BOGOTA, Colombia - Colombian police have arrested two American soldiers for suspected arms trafficking in the second scandal to hit the US military here in just over a month, police and the US embassy said today.
The two unidentified soldiers were found with 32,000 rounds of 9mm ammunition in a condominium in the central Colombian town of Carmen de Apicala on Tuesday, police said.
Police said they suspected the two stole the ammunition - suitable for pistols or submachine guns - from the Colombian army and planned to sell it to illegal far-right paramilitaries.
"Two US soldiers were arrested yesterday (Tuesday) in the afternoon. The embassy is working to establish the details," said an embassy spokesman who declined to give the soldiers' names or units.
But a Colombian military source, who asked not to be identified, said the men were US marksmanship instructors assigned to train Colombian troops to fight cocaine traffickers and Marxist rebels fighting a four-decade-old guerrilla war which claims thousands of lives a year.
They were based at Colombia's Tolemaida army base, a short drive from Carmen de Apicala, the source said.
"It's a lot of ammunition and it's a very suspicious case," Colombian Police commander General Jorge Castro told local radio.
Three Colombian civilians were also arrested on Tuesday in connection with the case.
Five US soldiers were arrested in the United States in late March on suspicion of trying to smuggle hundreds of thousands of dollars worth of Colombian cocaine into the United States on a US military aircraft.
US diplomats privately admitted embarrassment over the March arrests, although they have had no effect on the US aid programme to its key ally in the war against cocaine.
The United States has provided more than $3 billion in mainly military aid to Colombia since 2000. US Congress has authorized the presence of up to 800 US troops as instructors and to aid the Colombians but not to take part in combat.
Up to 600 civilian contractors are also allowed here. While US casualties in Colombia have been few, three US civilian contractors have been held hostage by Marxist rebels for two years.
Far-right paramilitaries, illegal militias who target Marxist rebels and are heavily involved in cocaine trafficking, have killed thousands of civilians in recent years and have been responsible for many of the country's worst human rights abuses, including massacres and torture.
The Colombian government is trying to negotiate the demobilisation of the largest paramilitary group, the United Self-Defence Forces of Colombia, or AUC, but accuses it of regularly violating a cease-fire.
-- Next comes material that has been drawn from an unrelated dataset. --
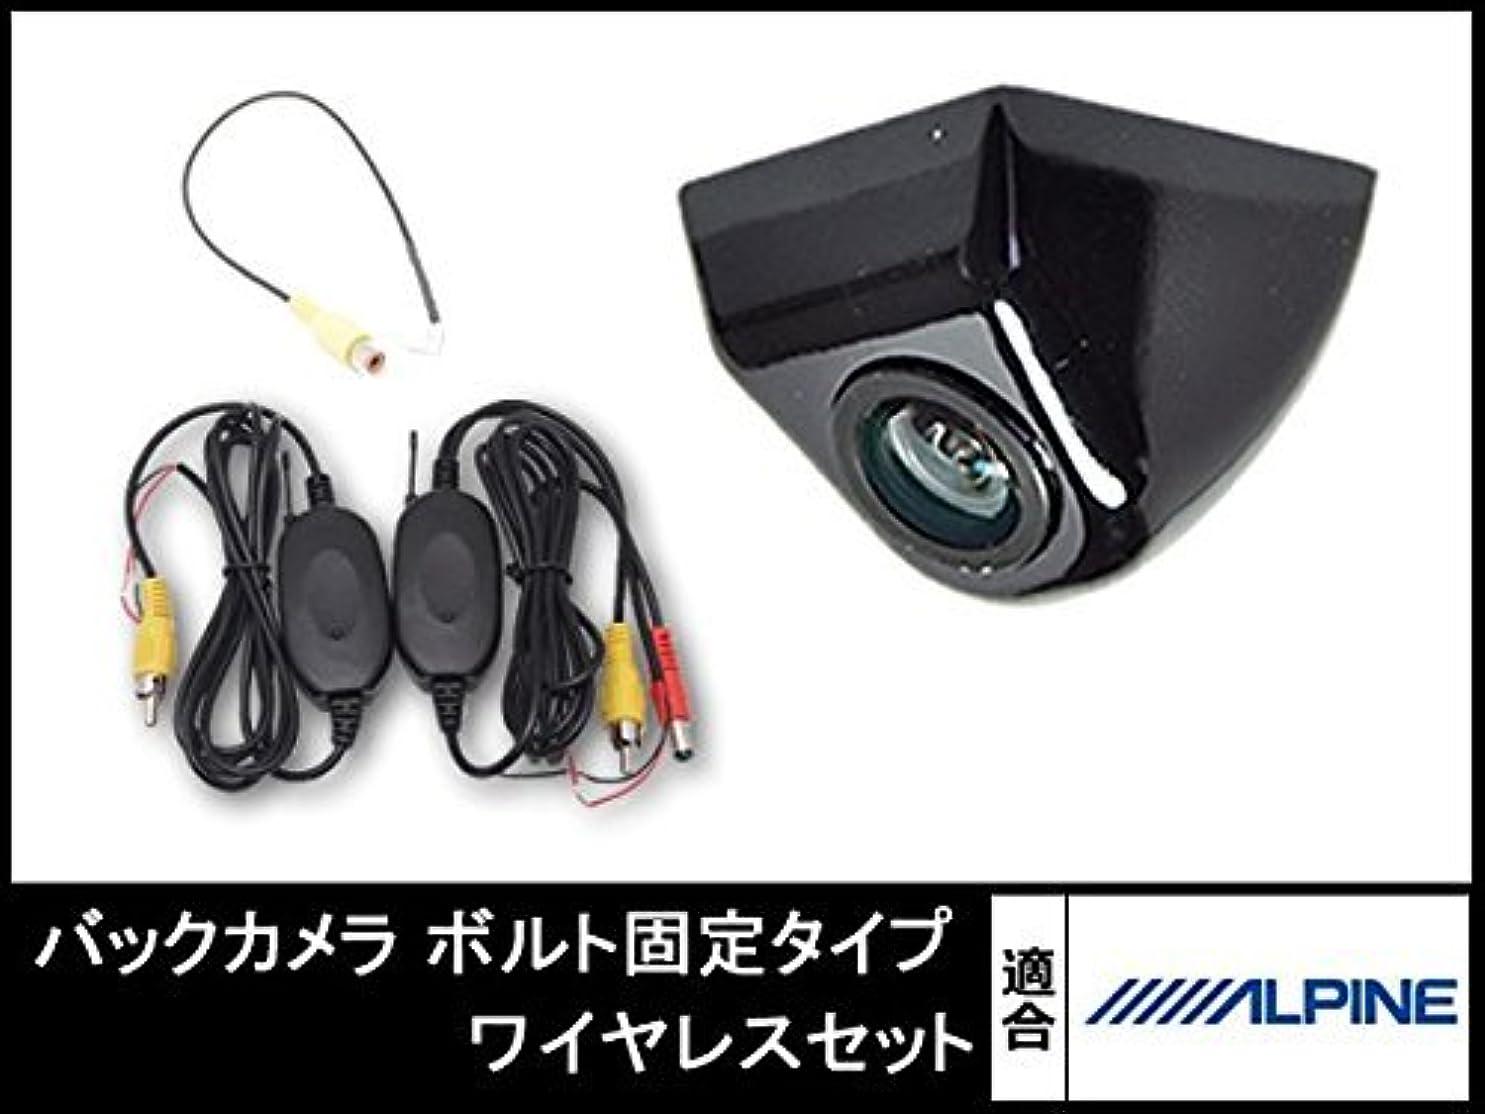 カーフ動揺させるバックグラウンドEX8 対応 高画質 バックカメラ ボルト固定タイプ ブラック 車載用 広角170° 超高精細 CMOS センサー 【ワイヤレスキット付】

The United States classes the AUC as a "terrorist" organisation.
Under a treaty, US personnel serving in Colombia come under US jurisdiction and local courts do not have the right to sentence them.
A posting in the world's largest cocaine producing country is not free of temptation.
The wife of a US Army officer who headed anti-drug operations in Colombia was sentenced to five years in prison in 2000 for trying to mail $700,000 worth of heroin to New York. Her husband admitted he knew she was laundering drug proceeds and was sentenced to five months, angering Colombian legal officials who complained this was too lenient.